Dataset content -
┏━━
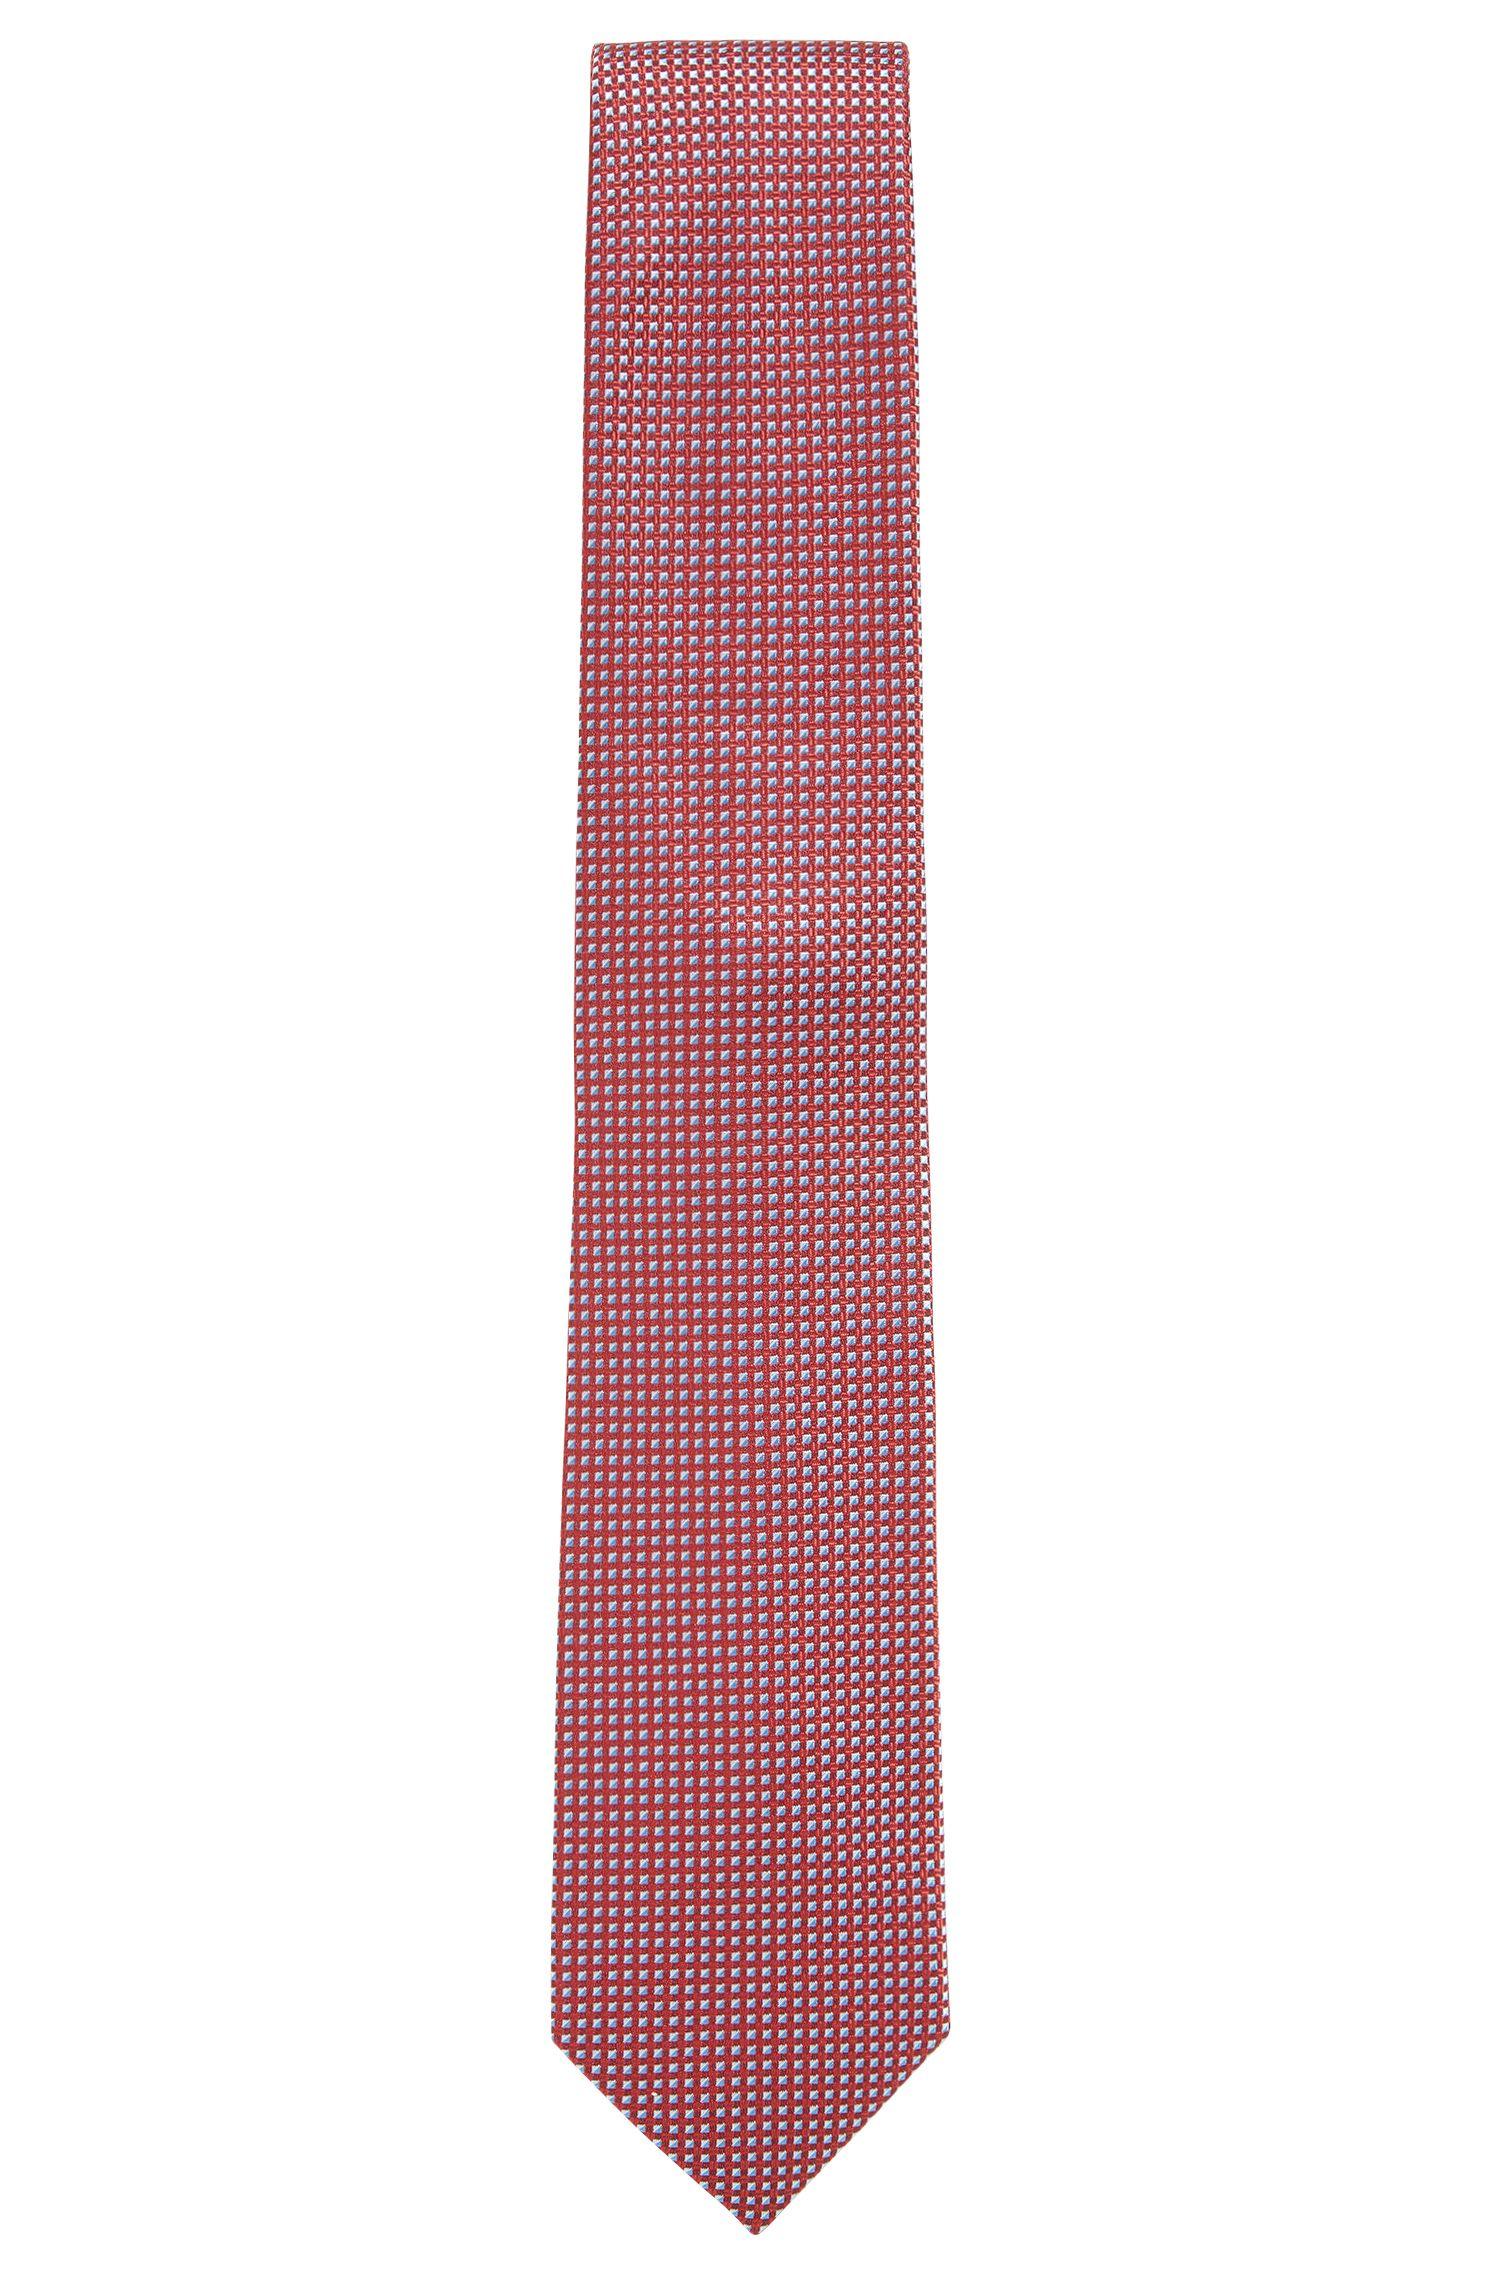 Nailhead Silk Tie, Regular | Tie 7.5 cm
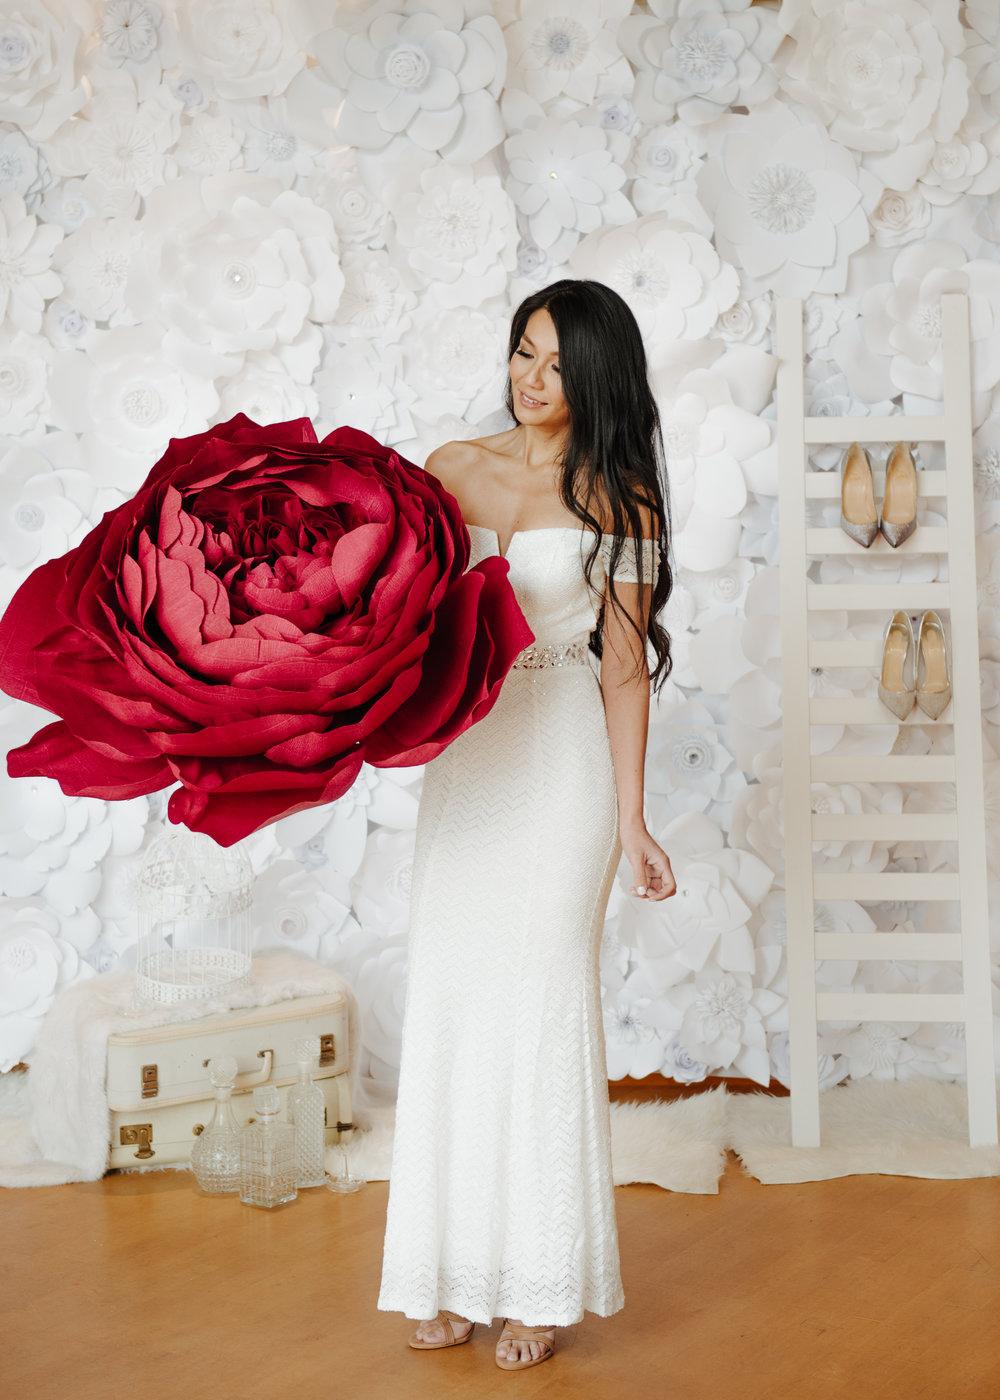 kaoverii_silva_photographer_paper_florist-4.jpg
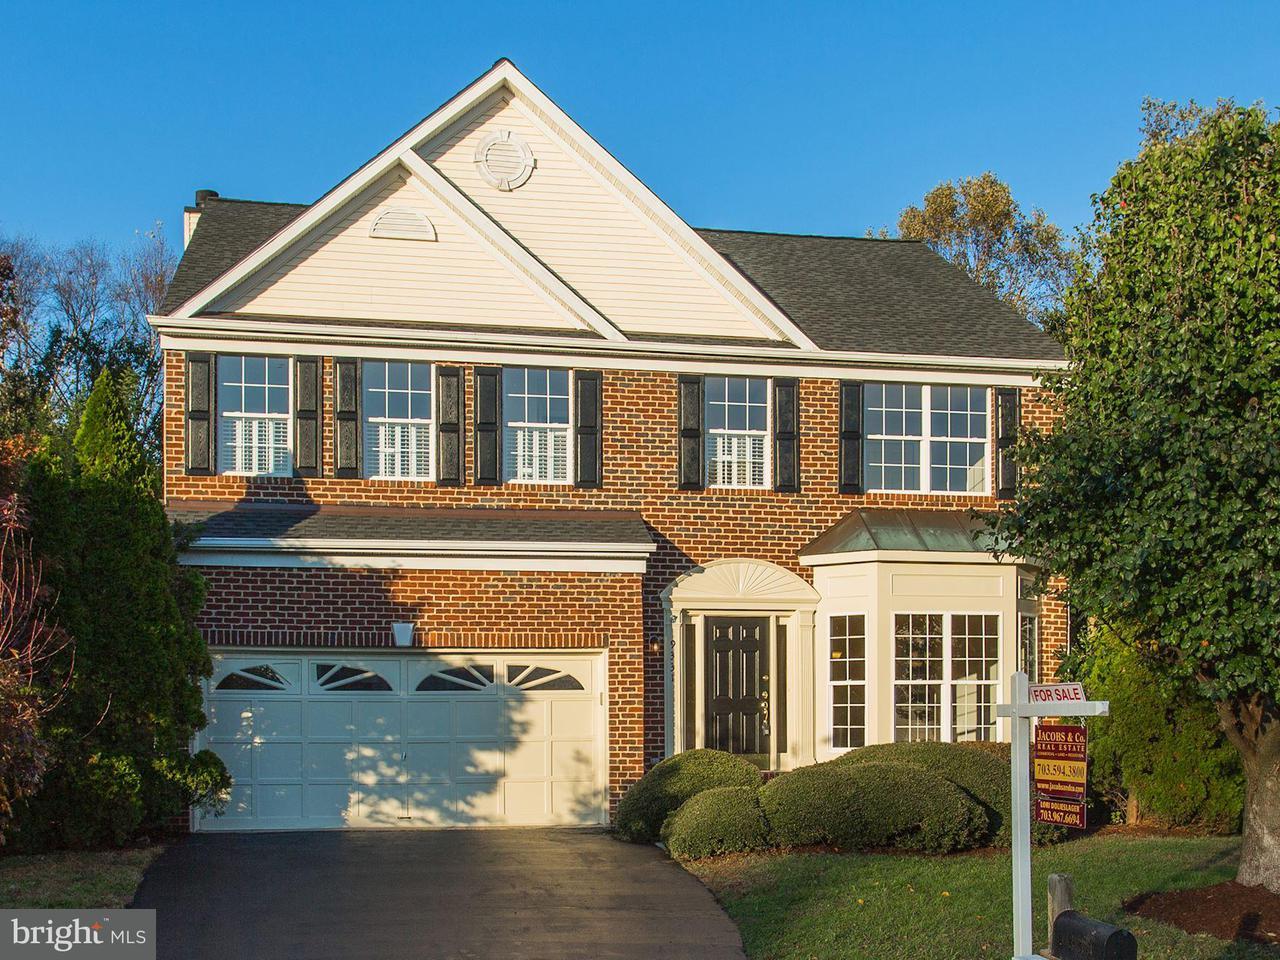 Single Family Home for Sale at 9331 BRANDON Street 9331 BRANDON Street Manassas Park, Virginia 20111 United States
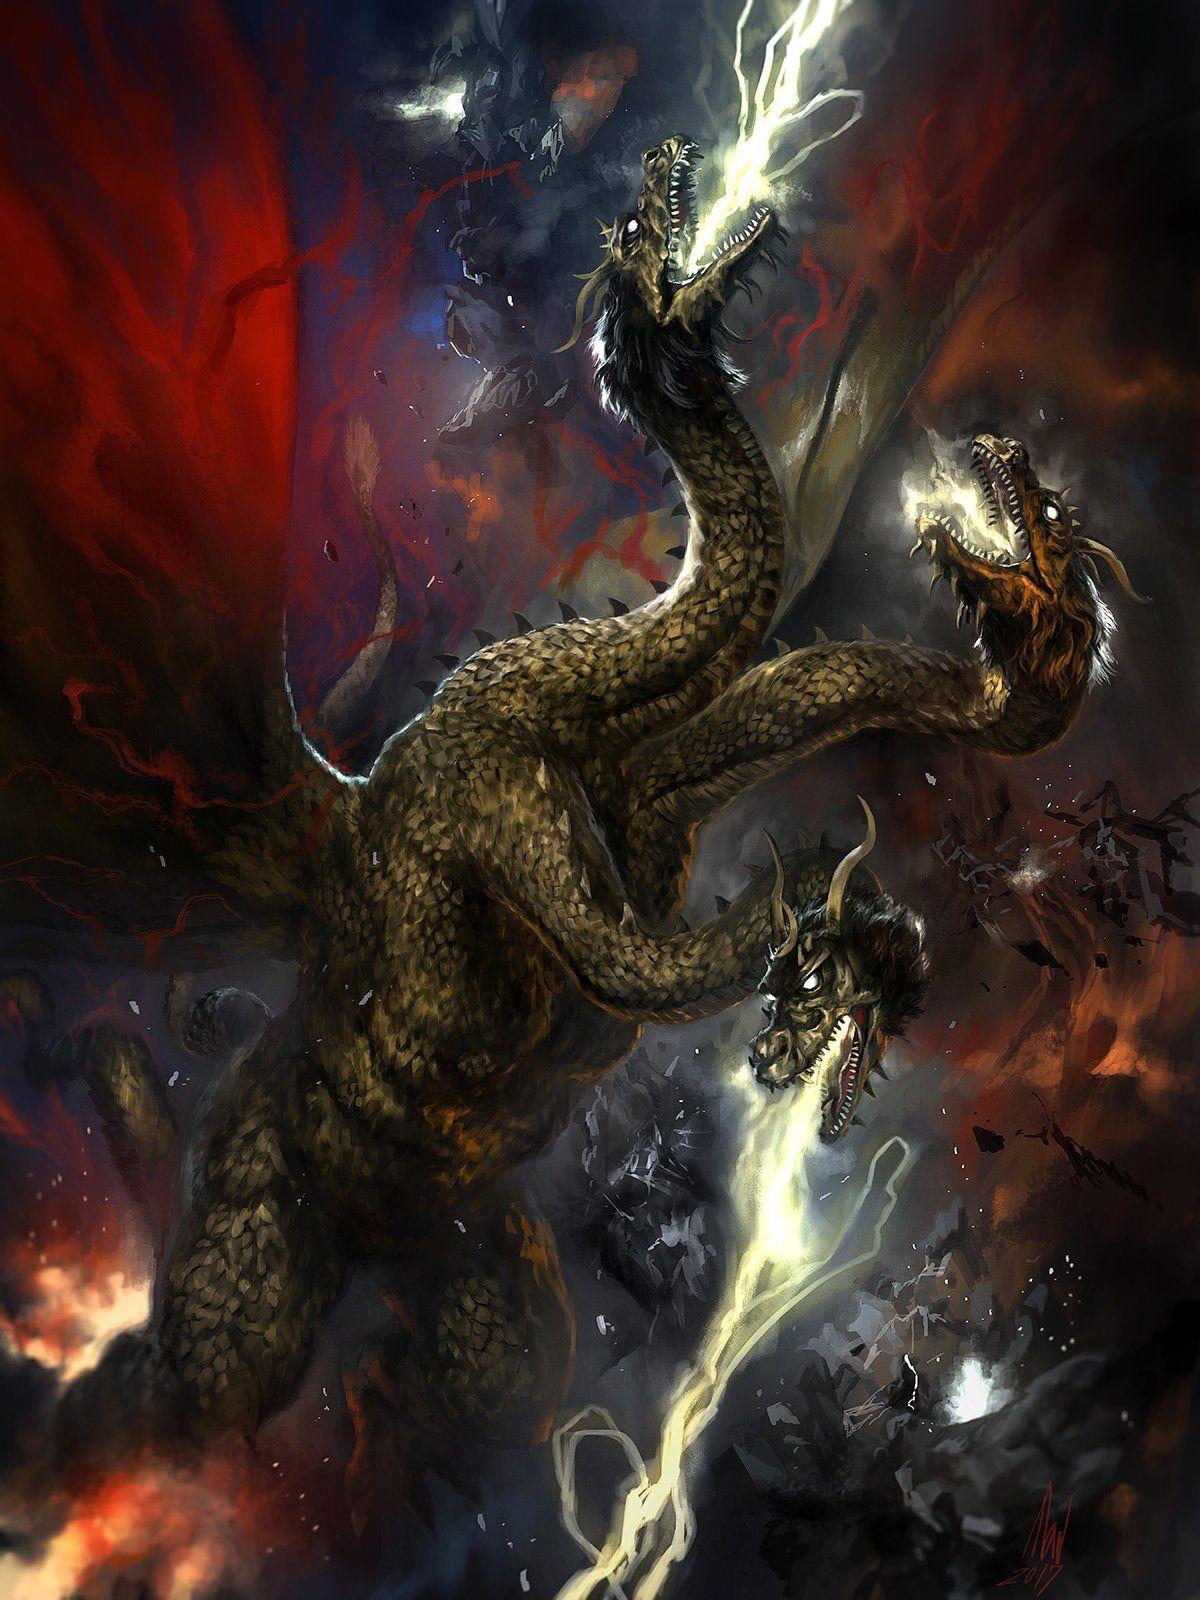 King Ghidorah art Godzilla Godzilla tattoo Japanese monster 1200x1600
┗━━
Task prompt -
Copy out the data above exactly, except the pictures.

Worked solution -
 Nailhead Silk Tie, Regular | Tie 7.5 cm
 kaoverii_silva_photographer_paper_florist-4.jpg
 Single Family Home for Sale at 9331 BRANDON Street 9331 BRANDON Street Manassas Park, Virginia 20111 United States
 King Ghidorah art Godzilla Godzilla tattoo Japanese monster 1200x1600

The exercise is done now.